Exhaust rises from a power plant in Haywood, WV, May 16, 2018. (Brian Snyder/Reuters)

Exhaust rises from a power plant in Haywood, WV, May 16, 2018. (Brian Snyder/Reuters)

In a case (West Virginia v. Environmental Protection Agency) that could affect the Biden administration’s plan to curb carbon emissions, the court’s conservative majority appears likely to side with the Republican-controlled states and coal companies

Such a ruling could eliminate some of the key methods the Biden administration can use to accelerate the energy sector’s transition to cleaner energy sources, reducing its ability to purpose of the president to halve greenhouse gas emissions by 2030.

After pleadings in February, experts told Yahoo News that the court is almost guaranteed to side with the petitioners — a coalition of red states and coal companies — but that the as-yet-unknown logic and details of the ruling could shape the shape of U.S. climate regulation going forward.

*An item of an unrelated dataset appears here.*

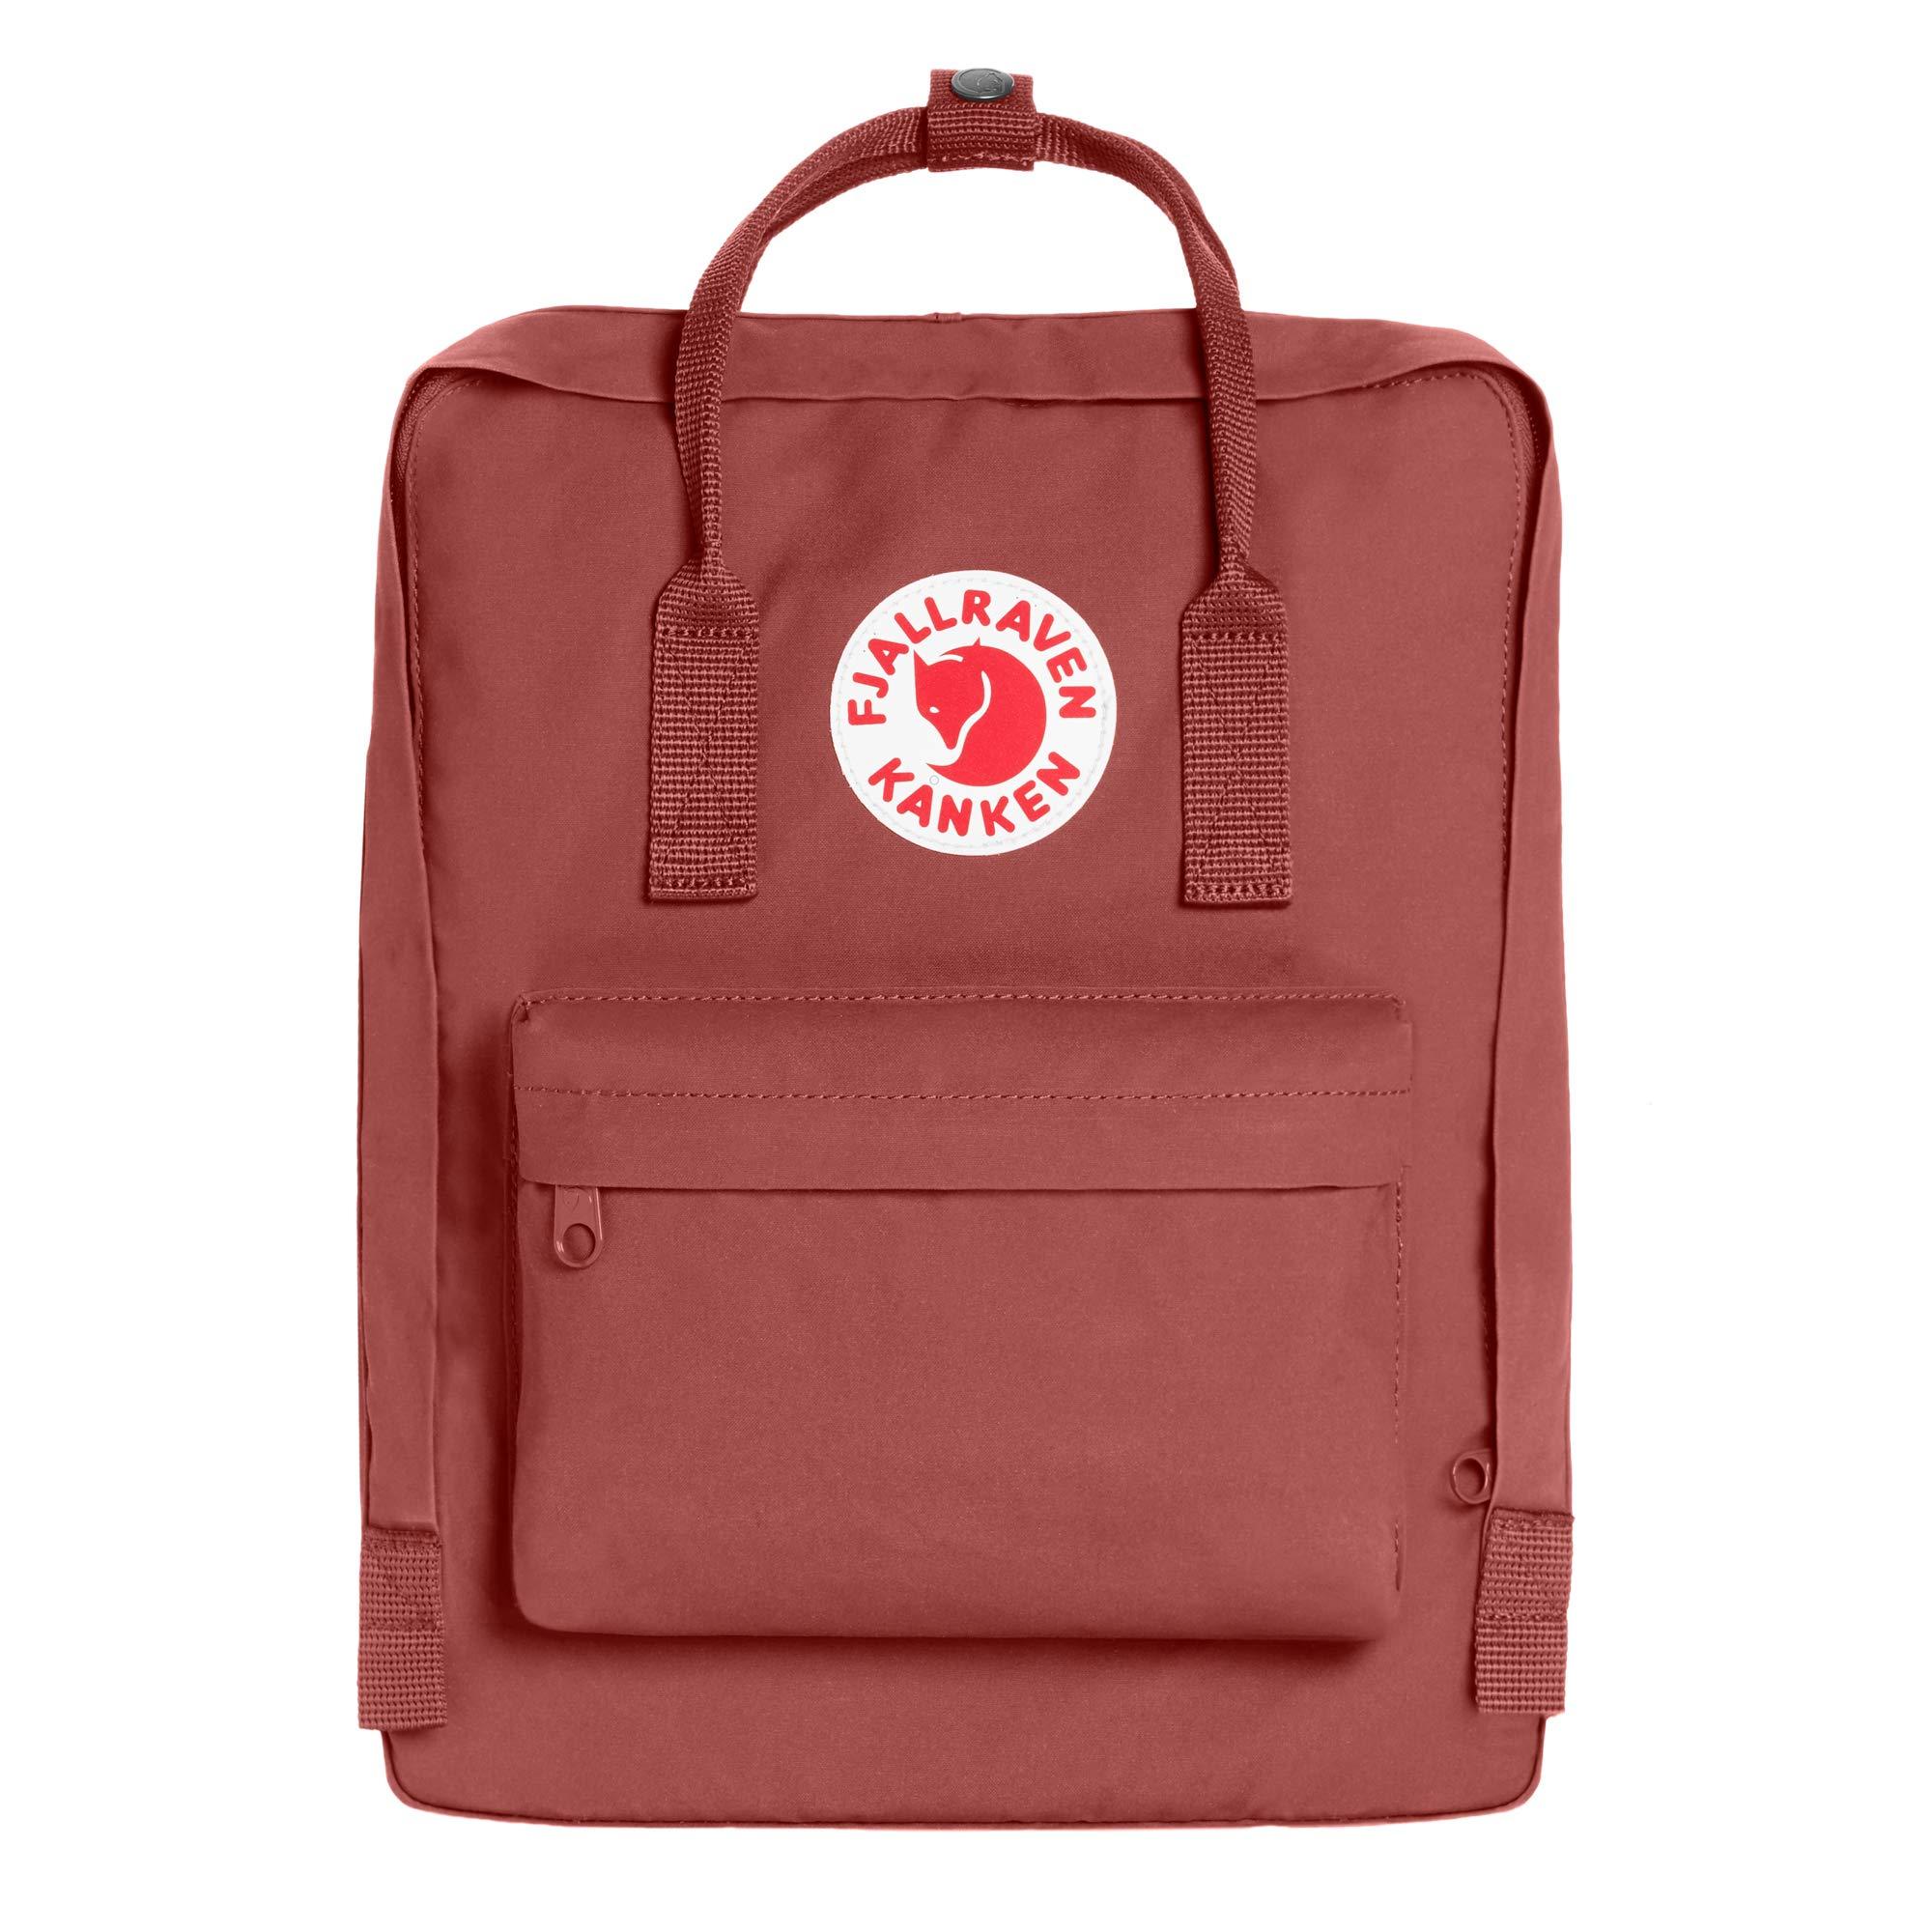 Fjallraven - Kanken Classic Backpack for Everyday, Dahlia by Fjallraven (Image #1)

Supreme Court decision in the case comes on the heels of a terrible new report from the United Nations which concluded that the United States and other countries are failing to deliver on their promises to reduce greenhouse gas emissions to avert catastrophic climate change.

gun rights

Family members watch at the funeral service for retired police officer Aaron Salter Jr.  from Buffalo, a security guard who was killed last month in a mass shooting at a supermarket in Buffalo.  (Jeffrey T. Barnes/Reuters)

Family members watch at the funeral service for retired police officer Aaron Salter Jr. from Buffalo, a security guard who was killed last month in a mass shooting at a supermarket in Buffalo. (Jeffrey T. Barnes/Reuters)

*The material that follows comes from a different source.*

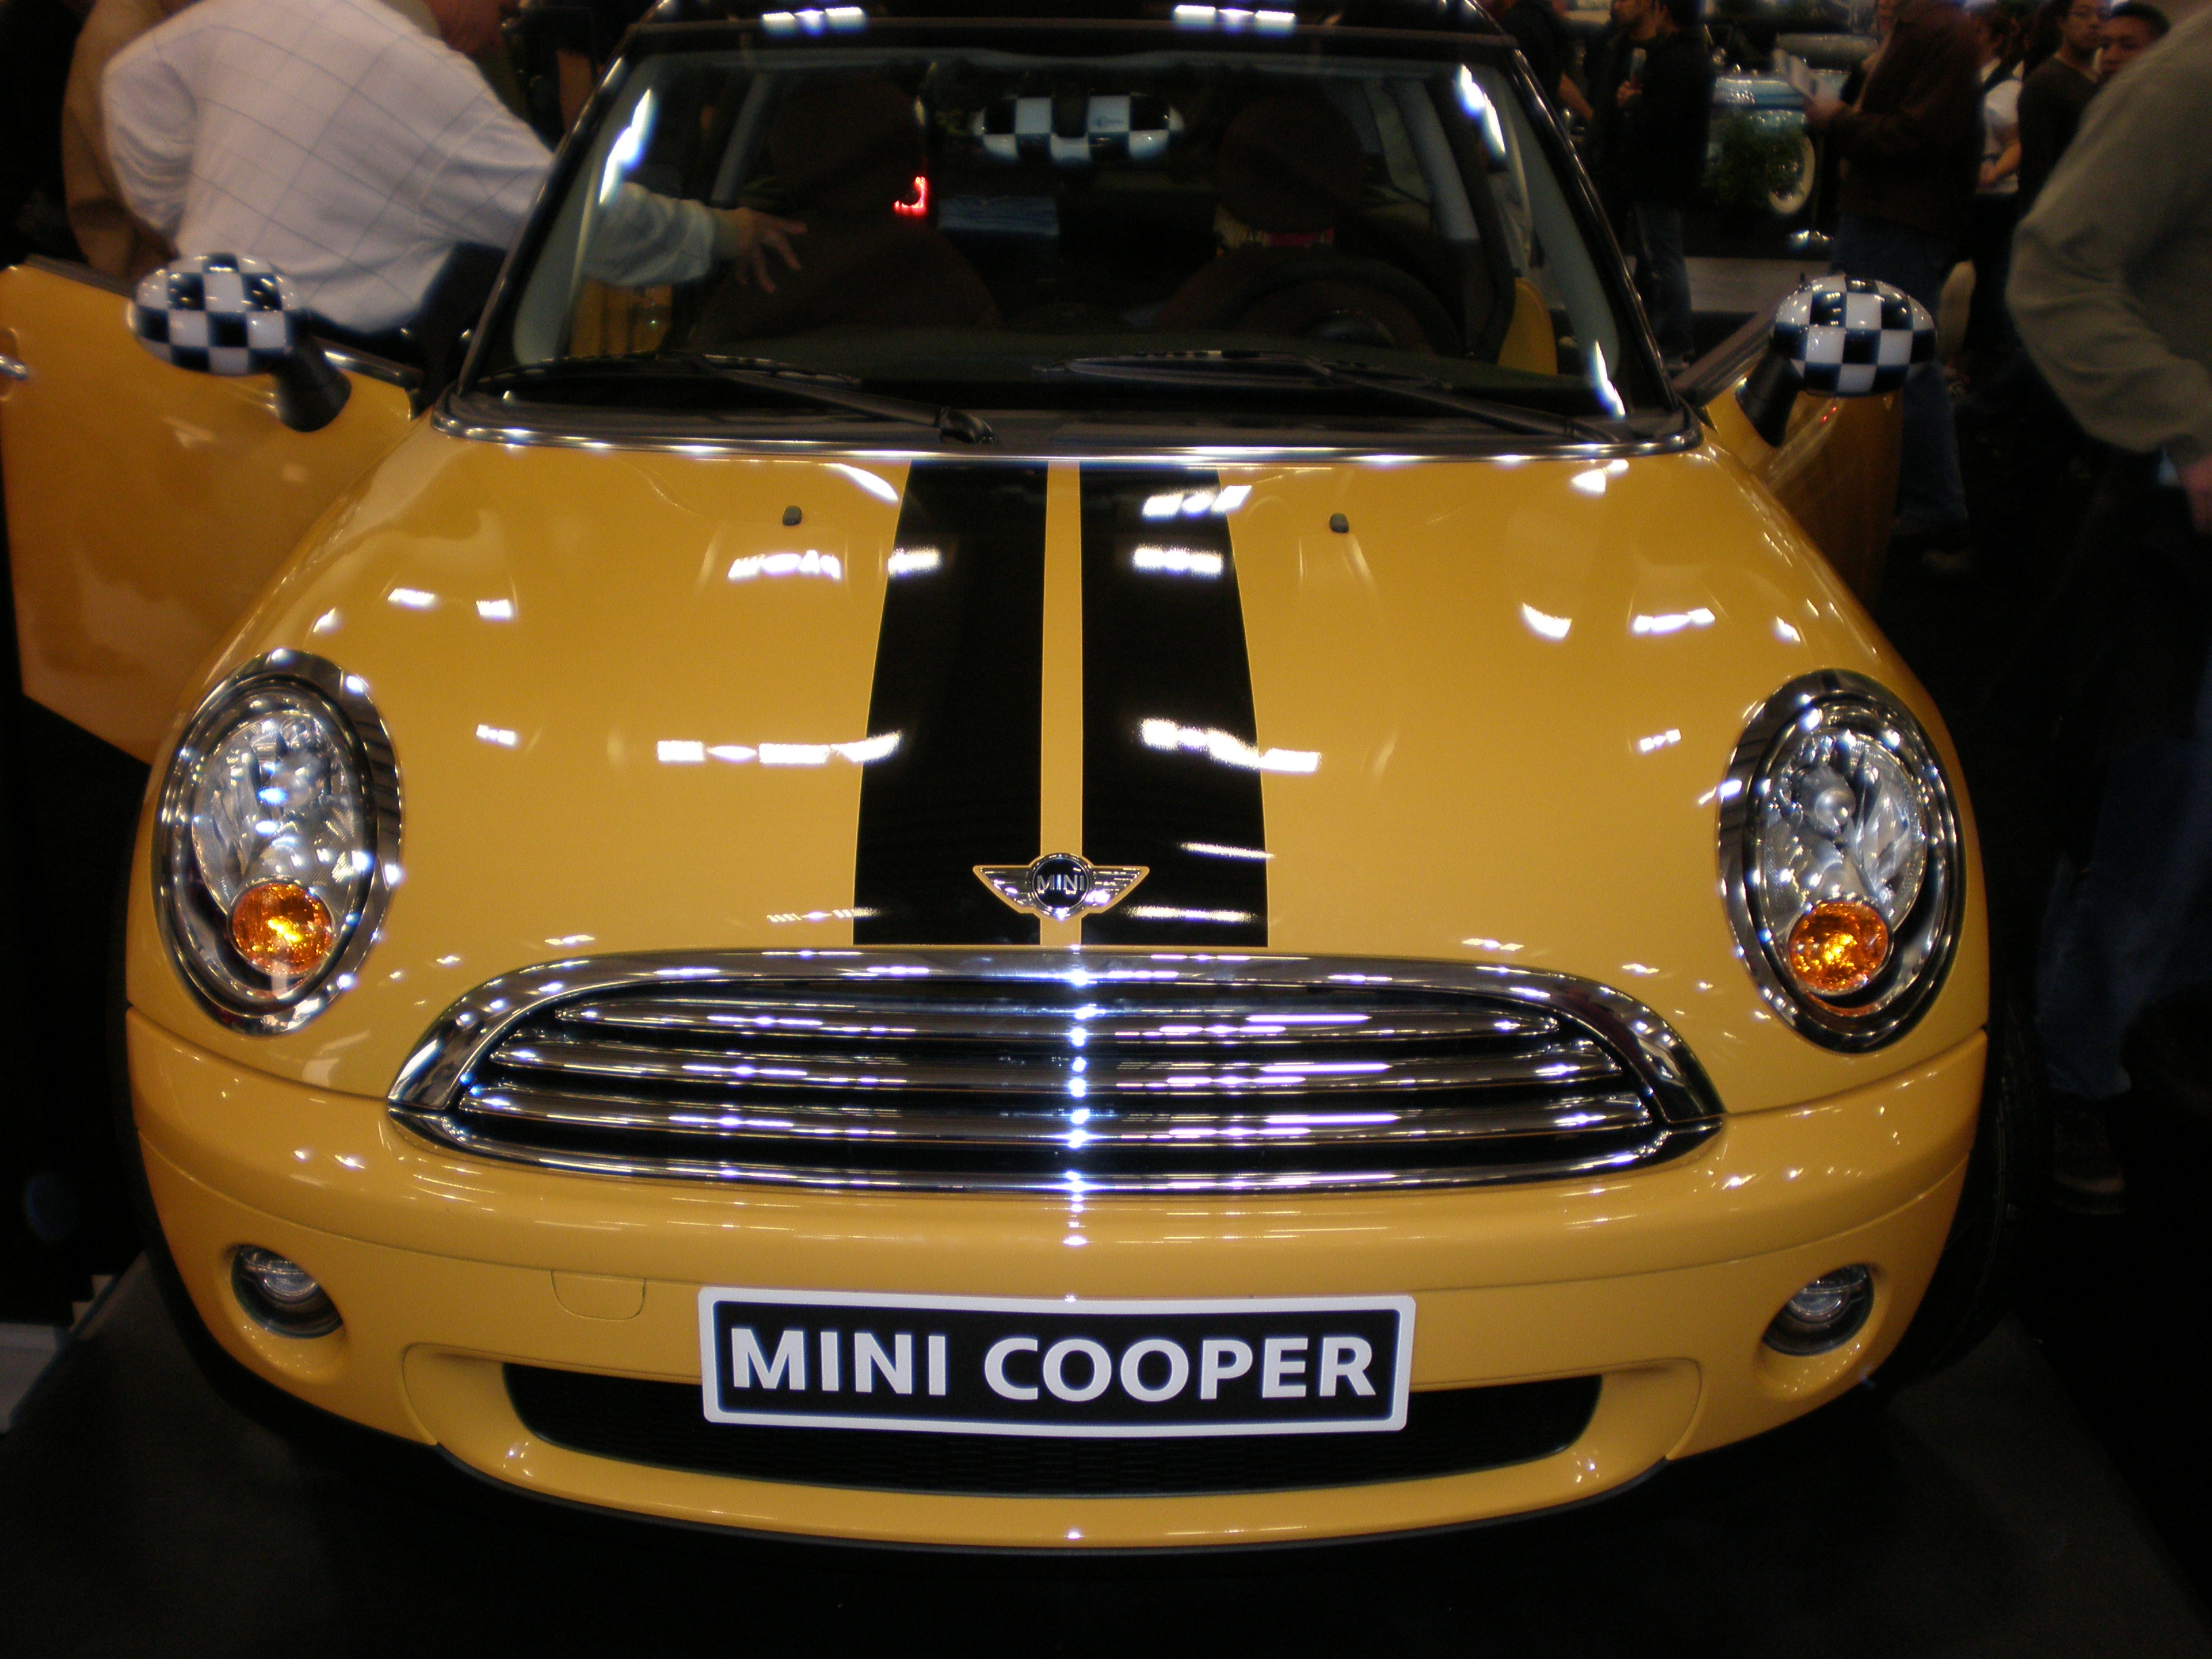 Mini Cooper Used Cars For Sale Uk

Amid renewed gun control debate after the mass shootings in Buffalo, NY, and Uvalde, Texas, the court will decide a case (New York State Rifle & Pistol Association Inc. v. Bruen) regarding the constitutionality of a century-old New York law that requires anyone seeking a license to carry a concealed gun outdoors must show a “good reason,” such as a special need to defend themselves.

During pleadings in November, a majority of judges seemed skeptical about the law, but as SCOTUSblog notedtheir final ruling may be a scary one, centered on New York, while wider questions about the right to carry a gun outdoors are saved for later.

After the Buffalo massacre, New York government leader Kathy Hochul signed a comprehensive package of new measures to strengthen the state’s gun laws. But the Supreme Court decision is still looming.

“This keeps me up at night”, New York City Mayor Eric Adams said earlier this month:† “If this right to wear goes through the Supreme Court and becomes the law of the land, can you imagine being on the 4 train with someone exposing a 9mm? Everyone on the train carries?”

“It’s going to be a big mess for the police,” he added.

Abortion

Abortion rights supporters and anti-abortion activists demonstrate on Tuesday before the US Supreme Court in Washington, DC.  (Evelyn Hockstein/Reuters)

Abortion rights supporters and anti-abortion activists demonstrate on Tuesday before the US Supreme Court in Washington, DC. (Evelyn Hockstein/Reuters)

In the most expected case (Dobbs v. Jackson Women’s Health Organization) in his term, the court must decide whether Mississippi’s ban on abortions after 15 weeks of pregnancy is constitutional. Last month, the publication of a leaked draft opinion by Judge Samuel Alito suggested the court is about to overturn Roe v. Wade, sparking nationwide protests and demonstrations outside the judges’ homes.

“Roe was hugely wrong from the start,” Alito wrote in the draft opinion, which was published by Politico. “It is time to respect the Constitution and return the issue of abortion to the elected representatives.”

President Biden said if the draft advice stands, it will be a “radical” and “fundamental” shift in the rule of law.

“I am very concerned that after 50 years we are deciding that a woman does not have the right to choose,” Biden said.

If the court were to annul Roe, tens of millions of Americans would live in states where abortion would be outright banned or severely restricted.